8. Think systemically

Putting a programme of initiatives at the core of your diversity and inclusion agenda would have been welcomed before the pandemic, and now staff are clamouring for more. According to that Kantar survey, they want to see systemic change - and by that they mean a more diverse and inclusive leadership, a different approach to recruitment and fairer attitude to pay and conditions. (The government estimates that white men earn 6.1% more an hour in the UK than men from ethnic minorities, that men earn 5.45% more than women and disabled staff are typically paid 13.8% less than their colleagues.)

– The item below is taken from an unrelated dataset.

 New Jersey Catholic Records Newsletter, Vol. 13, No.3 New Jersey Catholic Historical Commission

Rising employee’ expectations are another good reason to use data, rather than relying on anecdotal evidence which more cynical staff may see as misleadingly selective.
 

9. Don’t indulge in tokenism

Appointing one woman, member of an ethnic minority, or individual from an LGBT+ background to the board is not going to convince staff you are seriously committed to making progress. It may have the unintended consequence of holding employees back - if women at a certain level in your company feel that they are all fighting for one senior management role allocated to their gender, they are less likely to collaborate and cooperate.

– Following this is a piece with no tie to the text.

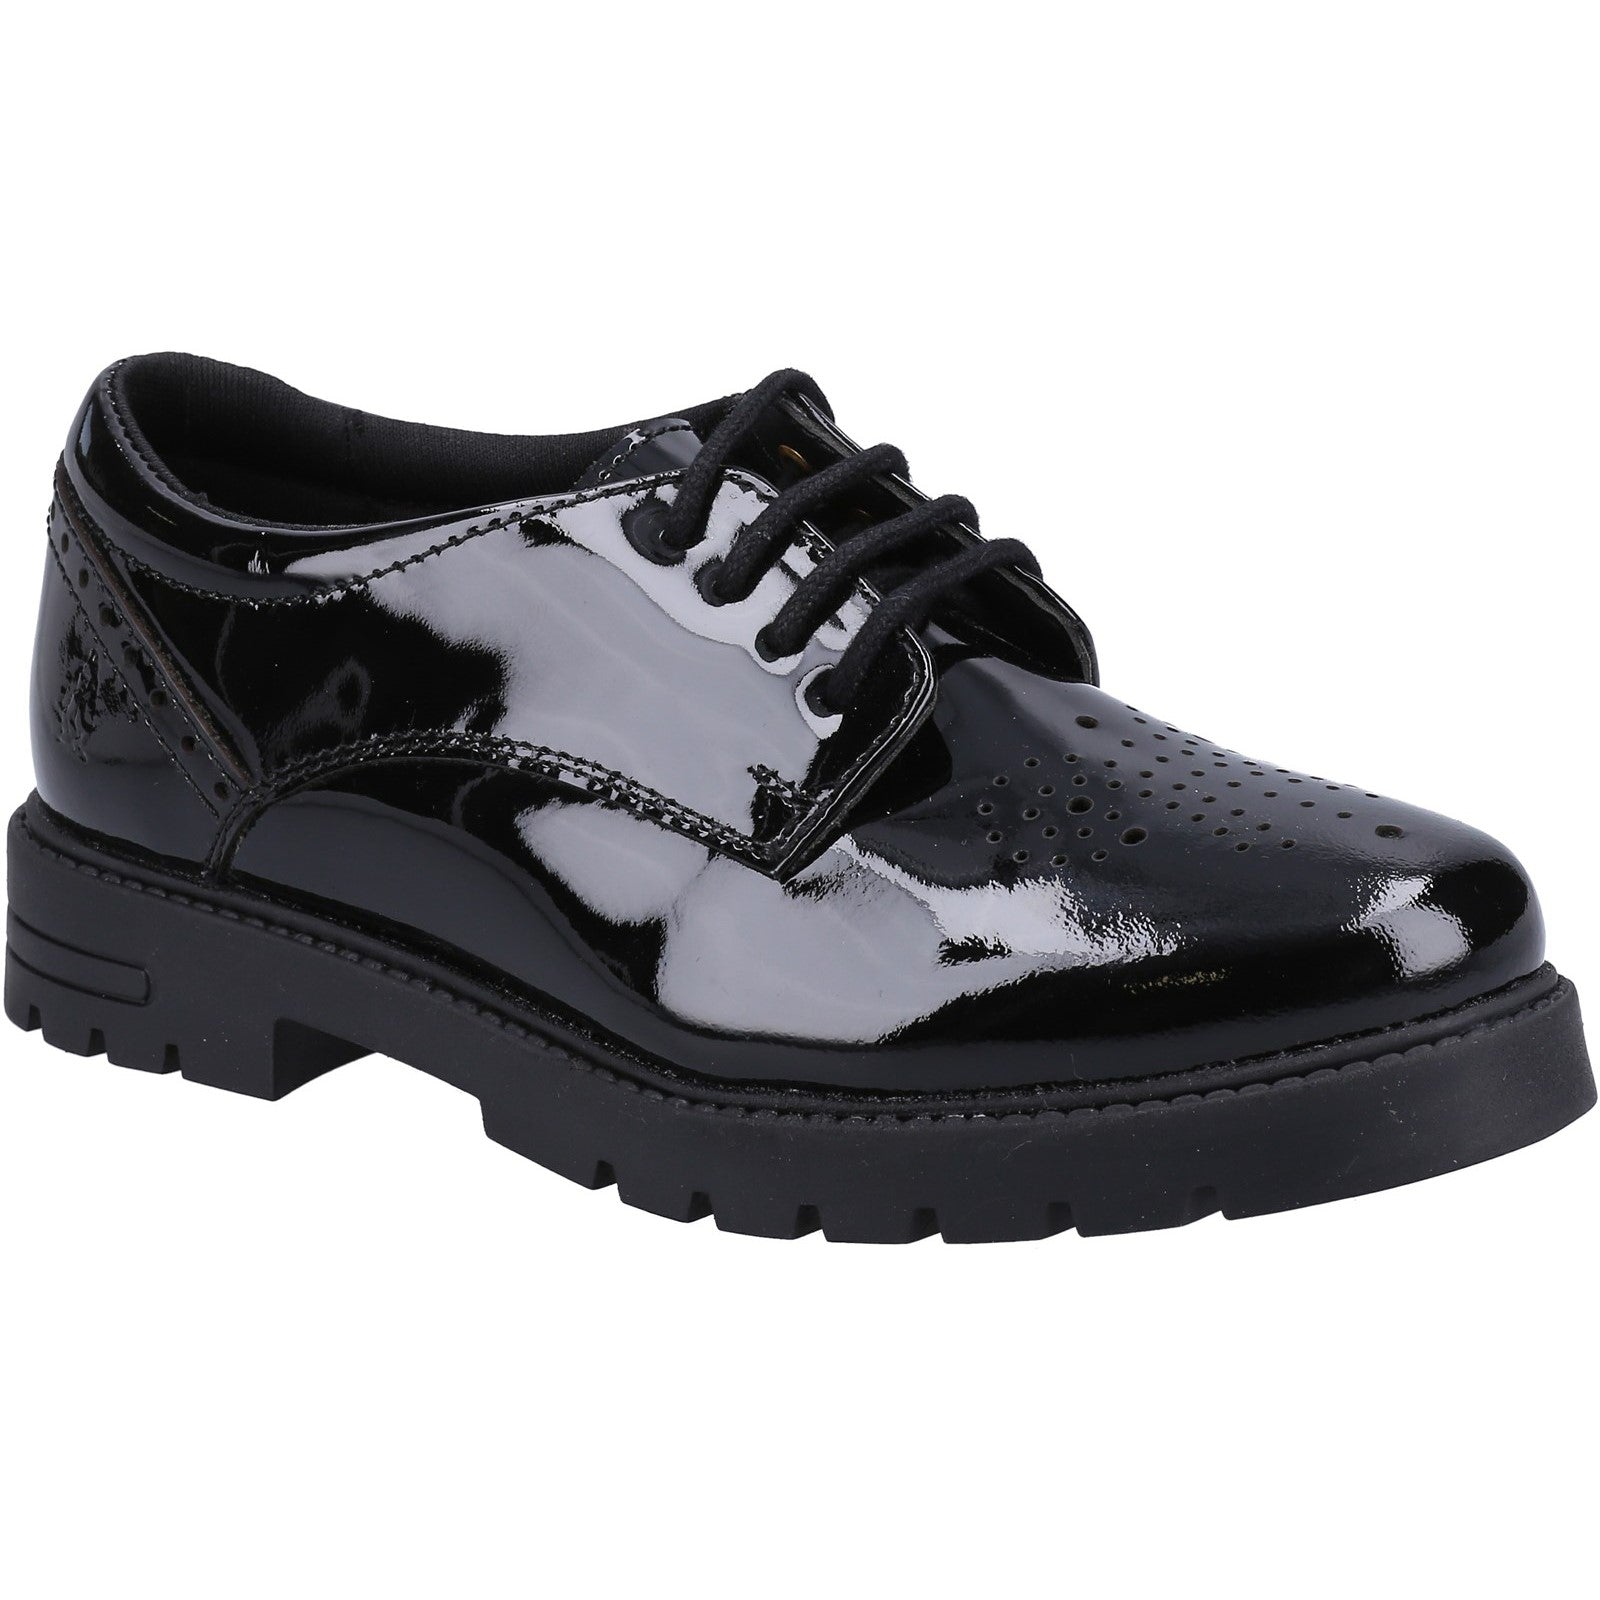 Hush Puppies Girls Jayne Patent Leather School Shoes - Black

Kantar’s study shows that younger staff - particularly Generation Z and younger Millennials - are more likely to feel passionately about diversity and inclusion and if they look around the workplace and see, for example, that the next two levels in the company hierarchy are all white men, they are less likely to be reassured by your data showing that staff from minorities are more engaged at work than they were before the programme started. And no matter how good the intentions behind individual DEI events - workshops, weeks etc - staff might see these as box-ticking tokenism if that is the only tangible evidence of your commitment. As one black, female employee in the media put it: “I’m glad my employer is marking black history month but it’s not one of the top ten things I’d like to see change to make this a truly diverse and inclusive company.”
 

10. Don’t give up

You will find yourself facing conflicting pressures - after all, you still have to run the business - and the pace of change will be too slow for some and too fast for others. But you don’t really have an alternative. Kantar estimates that more than one in three staff from different backgrounds are actively considering changing jobs if their employer doesn’t buck up on diversity, equality and inclusion. Factor in the expense - and the hassle - of replacing such employees and you can see why your commitment makes sound business sense.